Things might look more reasonable if the underlying concept of Trek really were that Cochrane was the first in the entire galaxy to discover FTL drive, and all the villains got it from him, through suitably criminal means. But then again, they might not. It's IMHO much easier to swallow the competing idea that everything in this galaxy has already been invented a thousand times over, there are cultures out there at every possible level of development (barring local lacunae from oppressive empires collapsing), and that the big hunters prefer to go after the big game, no longer finding merit in petty games such as galactic domination (again barring individual cases such as the Dominion).

Timo Saloniemi
 
I'm missing things probably, but I don 't get the talk about ZC inventing transwarp, when humans don't have transwarp at any point in any series. The Borg have it...
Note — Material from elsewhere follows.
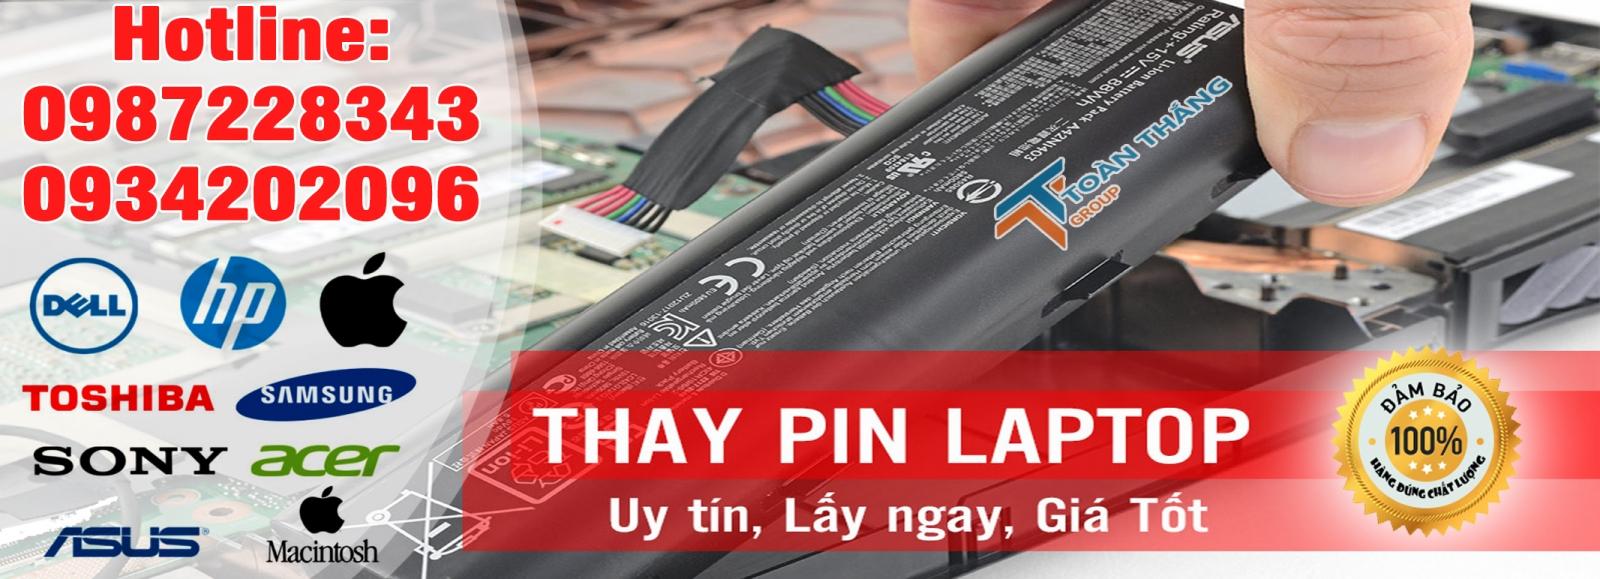 Công Ty Dịch Vụ Thay Pin Laptop Tận Nơi Quận Tân Bình Uy Tín Chính Hãng

It doesn't make sense that ZC invented it for everybody, or just Earth. Some other planets did have it, but ZC is honored by a much larger area than just Earth. So I say it's inbetween. Cochrane was the first in a fairly large area of space around Earth. We know the Vulcans had it, and they're relatively close by, but I can easily see them keeping warp totally and completely to themselves.

I know "Enterprise" shows Earth as backward compared to all civilizations around it, with everyone having warp already, but I've never been comfortable with that.